CELSR1 Antibody, HRP conjugated

What is CELSR1 and what cellular functions does it perform?

CELSR1 is a receptor that plays a crucial role in cell/cell signaling during nervous system formation . It belongs to the adhesion G protein-coupled receptor (aGPCR) family and is also known by several other names including CDHF9, FMI2, Cadherin family member 9, and Flamingo homolog 2 (hFmi2) . With a calculated molecular weight of 329 kDa, CELSR1 is a large protein with multiple functional domains . Recent research has shown that CELSR1 has neuroprotective effects in cerebral ischemic injury by reducing cell apoptosis in the peri-infarct cerebral cortex and promoting neurogenesis and angiogenesis, primarily through the Wnt/PKC pathway . This makes it an important target for stroke research, as it has been identified as a susceptibility gene for ischemic stroke .

What are the validated applications for CELSR1 antibodies?

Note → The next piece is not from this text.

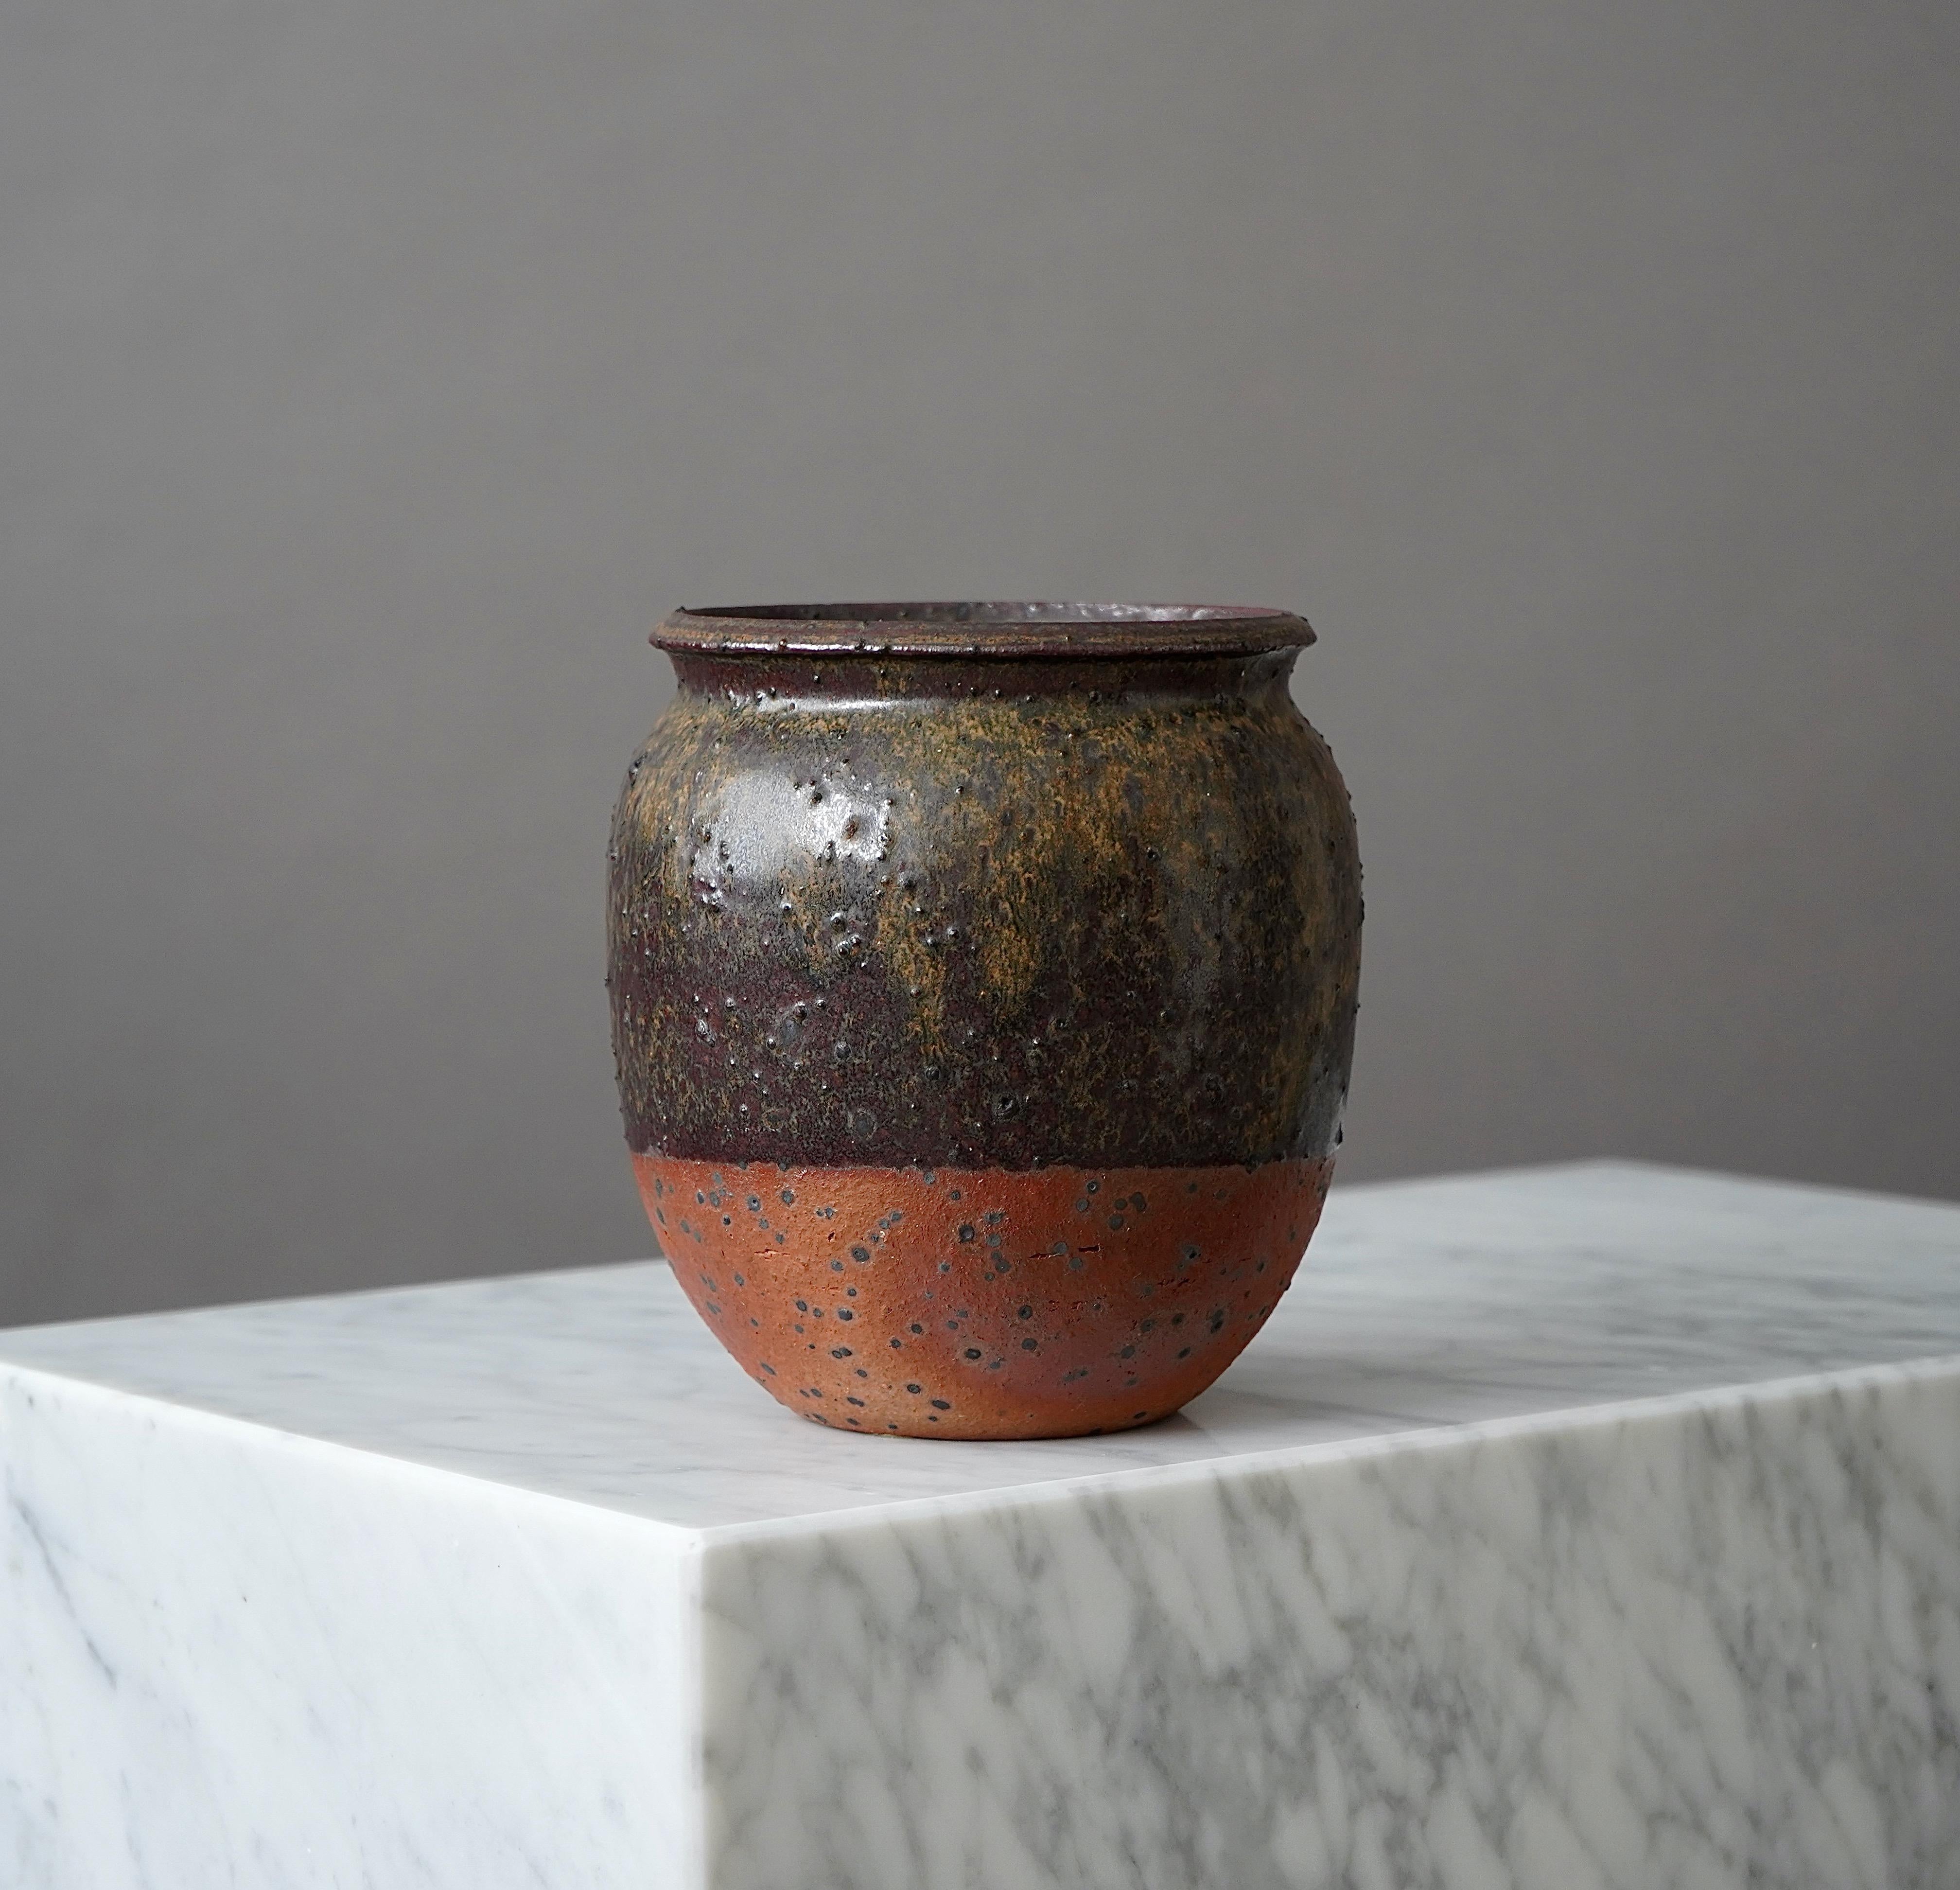 Scandinavian Modern Stoneware Vase by Swedish Ceramist Rolf Palm, 1974 For Sale

Based on current research literature, CELSR1 antibodies have been validated for several experimental applications:

• Western Blot (WB): CELSR1 antibodies such as ab225889 have been validated for detecting the target protein at approximately 329 kDa in human cell lines including HeLa, HEK-293T, and Jurkat .

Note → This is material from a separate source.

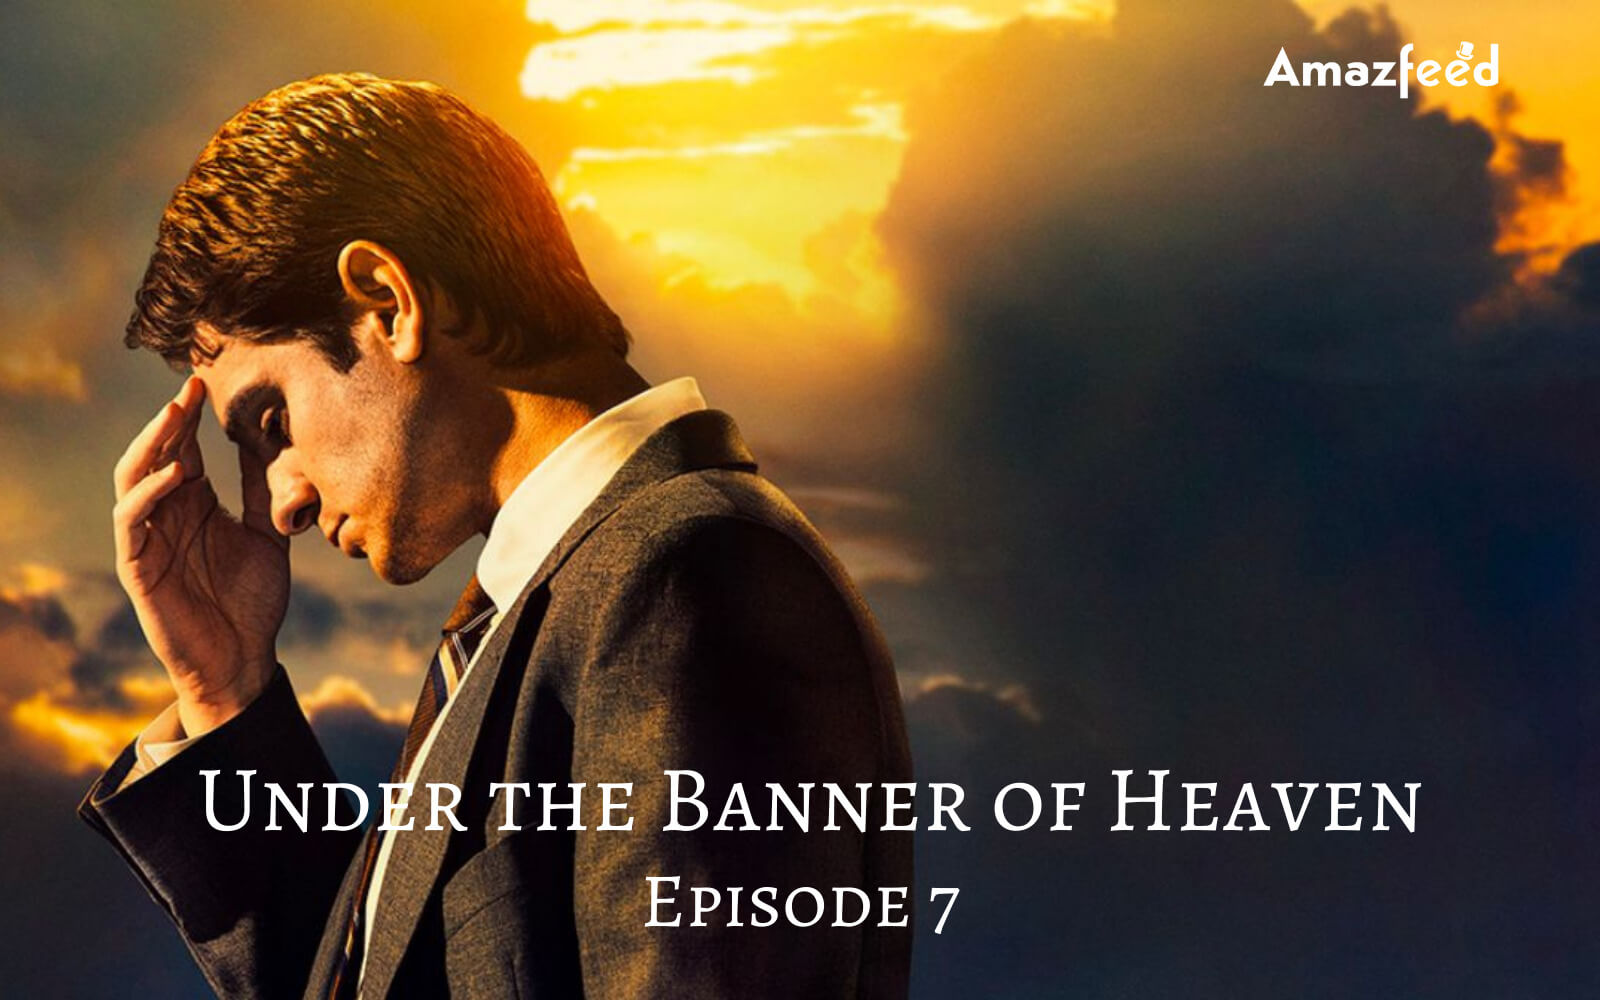 Under the Banner of Heaven Season 1 Episode 7 Release date

• Immunoprecipitation (IP): Antibodies like ab225889 have been confirmed effective for pulling down CELSR1 from human cell lysates .

• ELISA: Antibodies such as 20270-1-AP have demonstrated reactivity with human samples in ELISA applications .

When using HRP-conjugated variants, these applications benefit from direct enzymatic detection without requiring secondary antibodies.

What experimental considerations should be made when using CELSR1 antibodies for Western blotting?

When performing Western blot for CELSR1 detection, researchers should consider:

• Sample preparation: NETN buffer has been validated for lysate preparation . Due to the large size of CELSR1 (329 kDa), complete protein extraction and denaturation are critical.

• Gel selection: Use low percentage gels (4-6%) or gradient gels to effectively resolve high molecular weight proteins.

• Transfer conditions: For large proteins, extend transfer times or use specialized protocols for high molecular weight proteins (wet transfer with low methanol buffers).

• Antibody concentration: An optimal concentration of 0.1 μg/mL has been reported for ab225889 .

• Detection: When using HRP-conjugated antibodies, ECL (enhanced chemiluminescence) technique provides appropriate sensitivity, with reported exposure times of approximately 3 minutes .

How should CELSR1 antibodies be stored to maintain activity?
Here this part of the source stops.